Ashutosh Dixit

IR
6papers
24citations
Novelty23%
AI Score15

6 Papers

IRDec 30, 2015
URL ordering policies for distributed crawlers: a review

Deepika, Ashutosh Dixit

With the increase in size of web, the information is also spreading at large scale. Search Engines are the medium to access this information. Crawler is the module of search engine which is responsible for download the web pages. In order to download the fresh information and get the database rich, crawler should crawl the web in some order. This is called as ordering of URLs. URL ordering should be done in efficient and effective manner in order to crawl the web in proficient manner. In this paper, a survey is done on some existing methods of URL ordering and at the end of this paper comparison is also carried out among them.

IRSep 23, 2015
Design and Implementation of Domain based Semantic Hidden Web Crawler

Manvi, Komal Kumar Bhatia, Ashutosh Dixit

Web is a wide term which mainly consists of surface web and hidden web. One can easily access the surface web using traditional web crawlers, but they are not able to crawl the hidden portion of the web. These traditional crawlers retrieve contents from web pages, which are linked by hyperlinks ignoring the information hidden behind form pages, which cannot be extracted using simple hyperlink structure. Thus, they ignore large amount of data hidden behind search forms. This paper emphasizes on the extraction of hidden data behind html search forms.
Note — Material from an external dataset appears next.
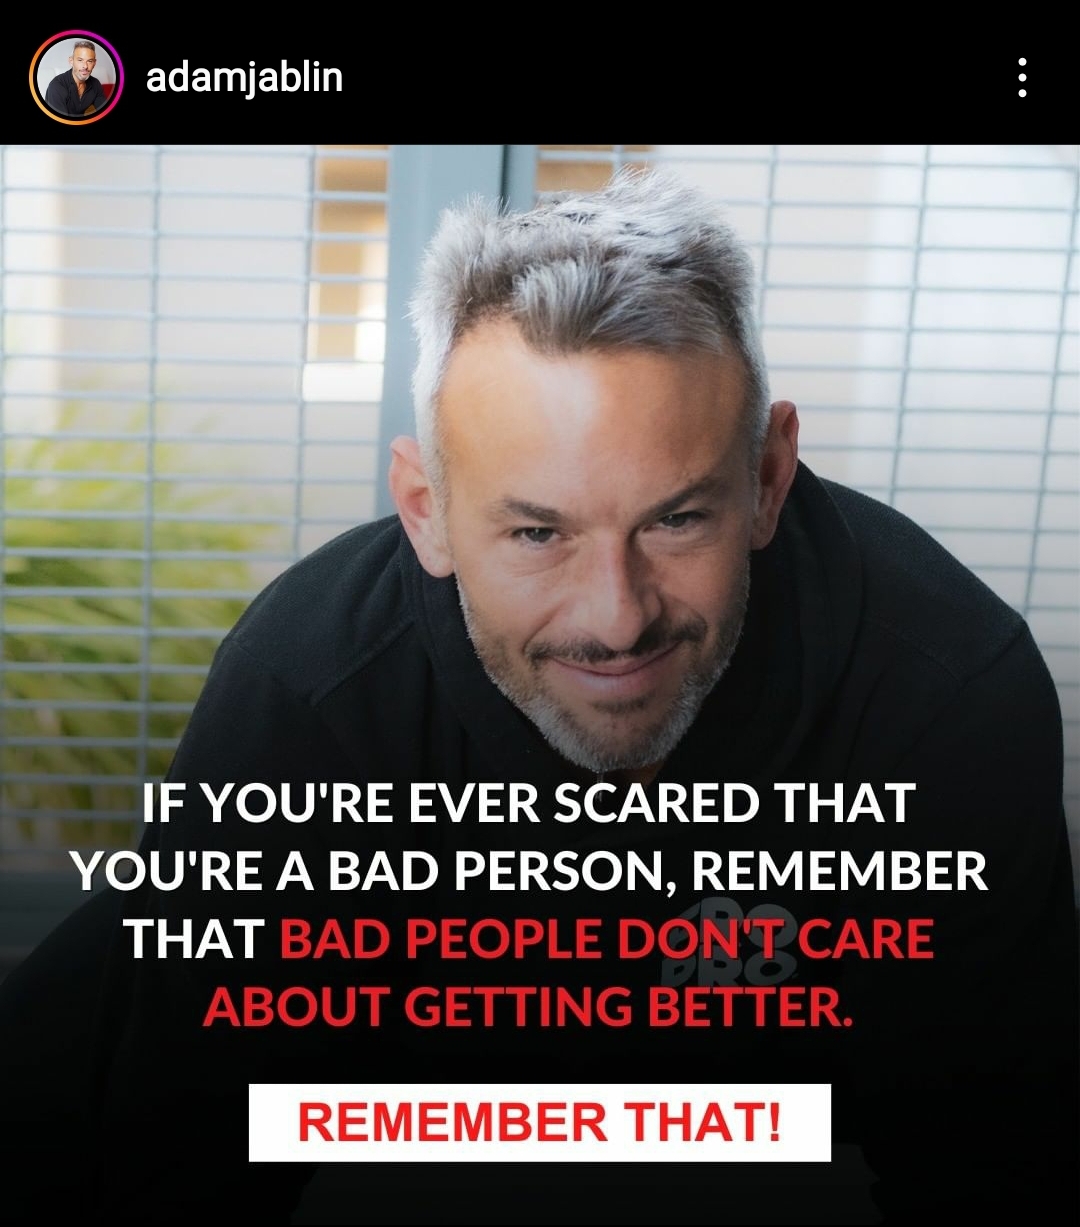 If you're ever scared that you're a bad person, remember that bad people don't care about getting better. Remember that! Adam Joblin, coaching tip
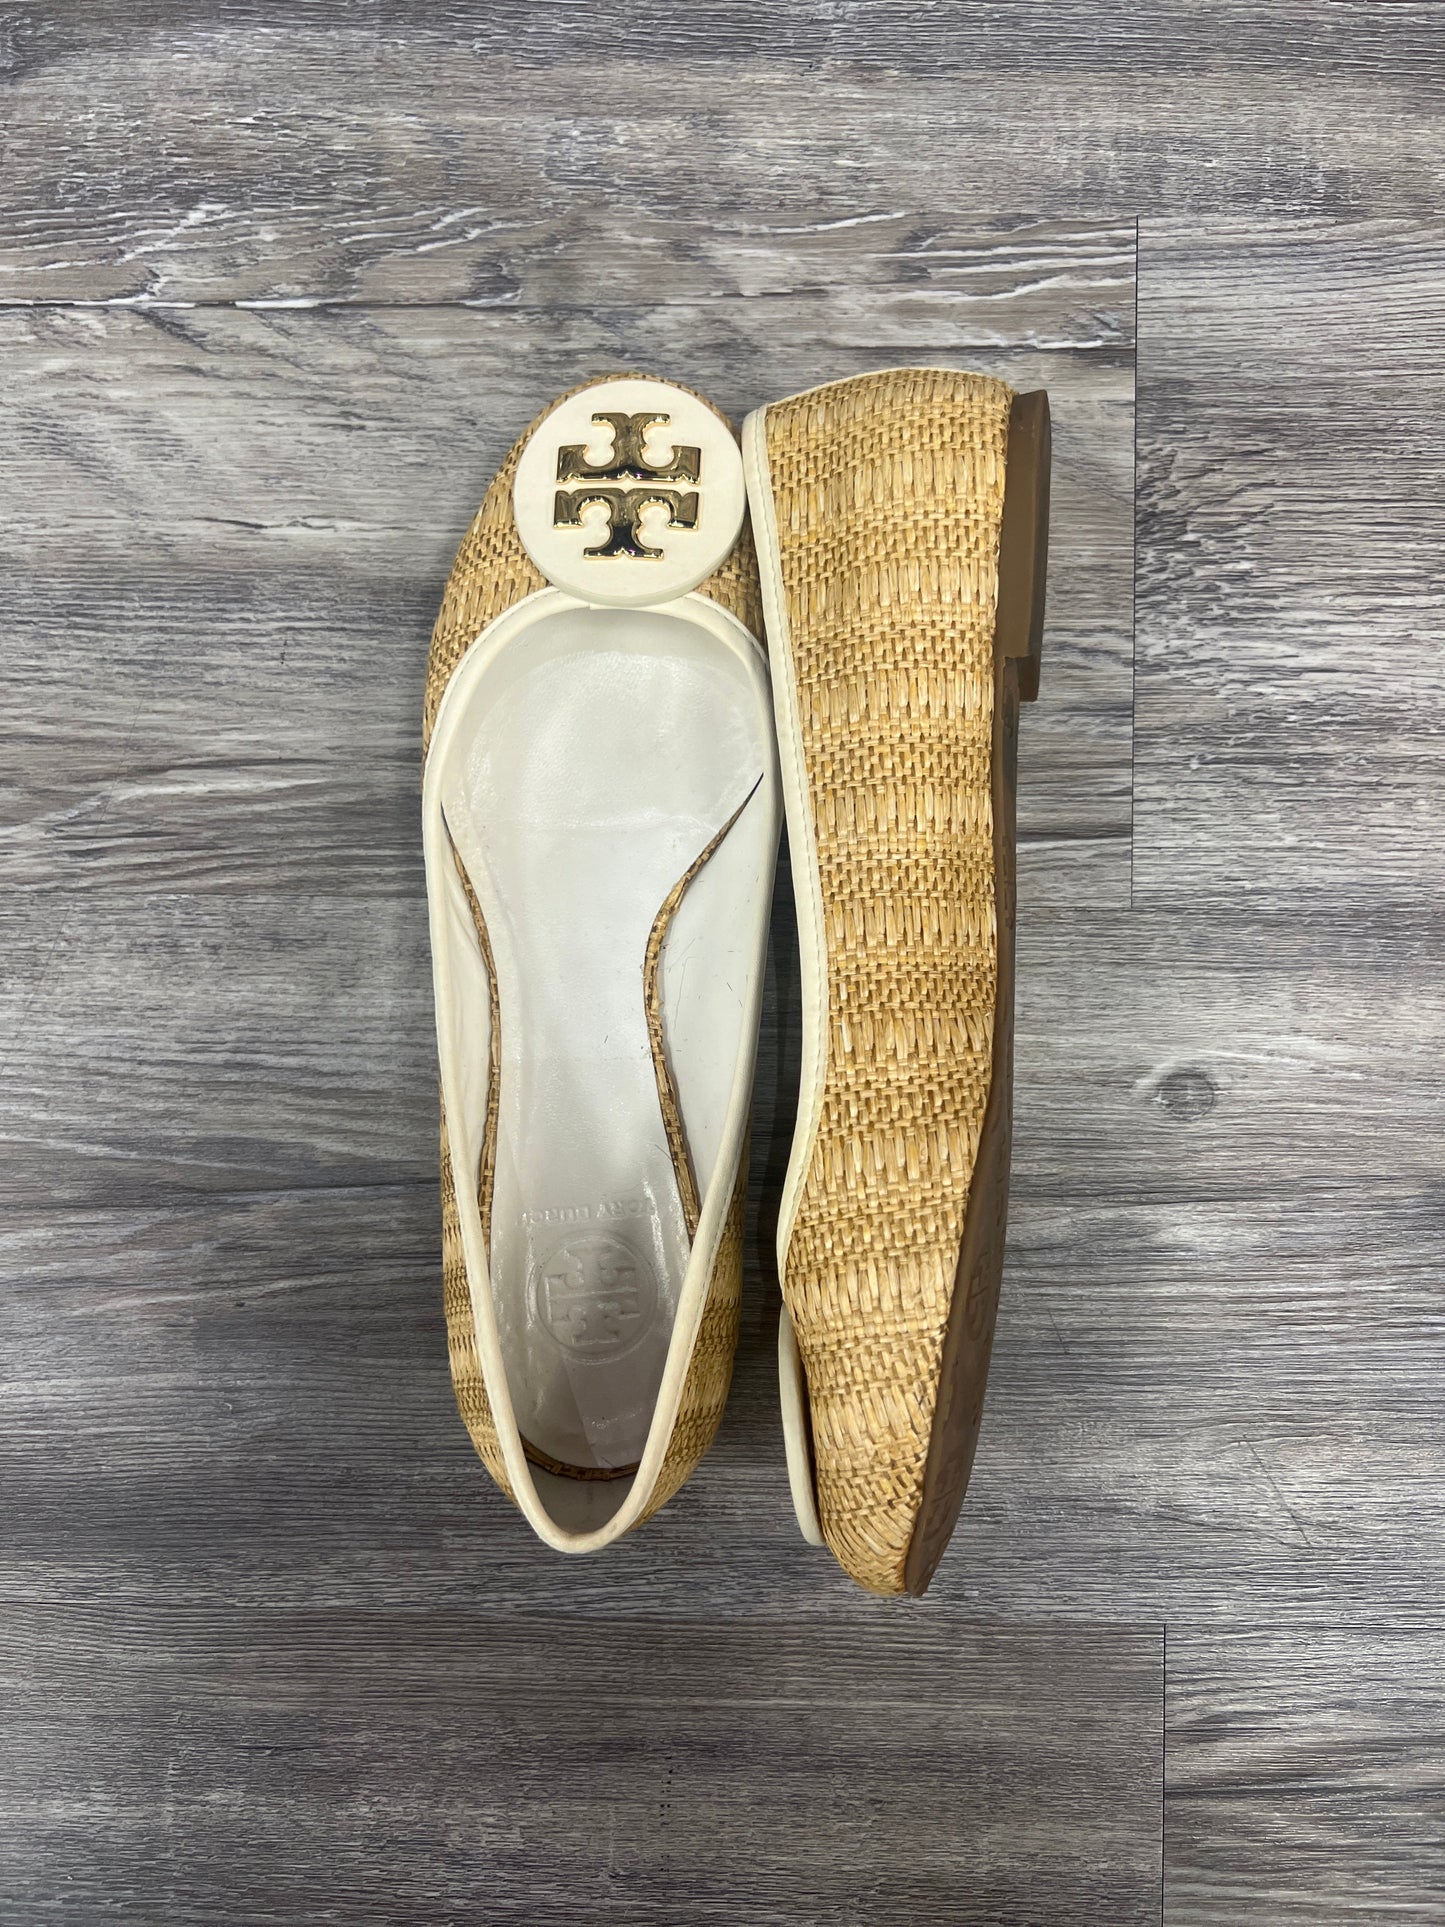 Sandals Designer By Tory Burch  Size: 10.5

The proposed technique makes use of semantic mapping to fill the html search form using domain specific database. Using semantics to fill various fields of a form leads to more accurate and qualitative data extraction.

IRAug 10, 2015
A novel design of hidden web crawler using ontology

Manvi, Komal Kumar Bhatia, Ashutosh Dixit

Deep Web is content hidden behind HTML forms. Since it represents a large portion of the structured, unstructured and dynamic data on the Web, accessing Deep-Web content has been a long challenge for the database community. This paper describes a crawler for accessing Deep-Web using Ontologies. Performance evaluation of the proposed work showed that this new approach has promising results.

IRJul 31, 2013
A Novel Architecture for Relevant Blog Page Identifcation

Deepti Kapri, Rosy Madaan, A. K Sharma et al.

Blogs are undoubtedly the richest source of information available in cyberspace. Blogs can be of various natures i.e. personal blogs which contain posts on mixed issues or blogs can be domain specific which contains posts on particular topics, this is the reason, they offer wide variety of relevant information which is often focused. A general search engine gives back a huge collection of web pages which may or may not give correct answers, as web is the repository of information of all kinds and a user has to go through various documents before he gets what he was originally looking for, which is a very time consuming process. So, the search can be made more focused and accurate if it is limited to blogosphere instead of web pages. The reason being that the blogs are more focused in terms of information. So, User will only get related blogs in response to his query. These results will be then ranked according to our proposed method and are finally presented in front of user in descending order

IRJul 26, 2013
A Novel Architecture For Question Classification Based Indexing Scheme For Efficient Question Answering

Renu Mudgal, Rosy Madaan, A. K. Sharma et al.

Question answering system can be seen as the next step in information retrieval, allowing users to pose question in natural language and receive compact answers. For the Question answering system to be successful, research has shown that the correct classification of question with respect to the expected answer type is requisite. We propose a novel architecture for question classification and searching in the index, maintained on the basis of expected answer types, for efficient question answering. The system uses the criteria for Answer Relevance Score for finding the relevance of each answer returned by the system. On analysis of the proposed system, it has been found that the system has shown promising results than the existing systems based on question classification.

IRFeb 28, 2013
Presence Factor-Oriented Blog Summarization

Rosy Madaan, A. K. Sharma, Ashutosh Dixit

The research that has been carried out on blogs focused on blog posts only, ignoring the title of the blog page. Also, in summarization only a set of representative sentences are extracted. Some analysis has been done and it has been found that the blog post contains the content that is likely to be related to the topic of the blog post. Thus, proposed system of summarization makes use of title contained in a blog page. The approach makes use of the Presence factor that indicates the presence of each term of the title in each sentence of the blog post. This is a key feature because it considers those sentences as more relevant for summarization that contain each of the term present in the title. The system has been implemented and evaluated experimentally. The system has shown promising results.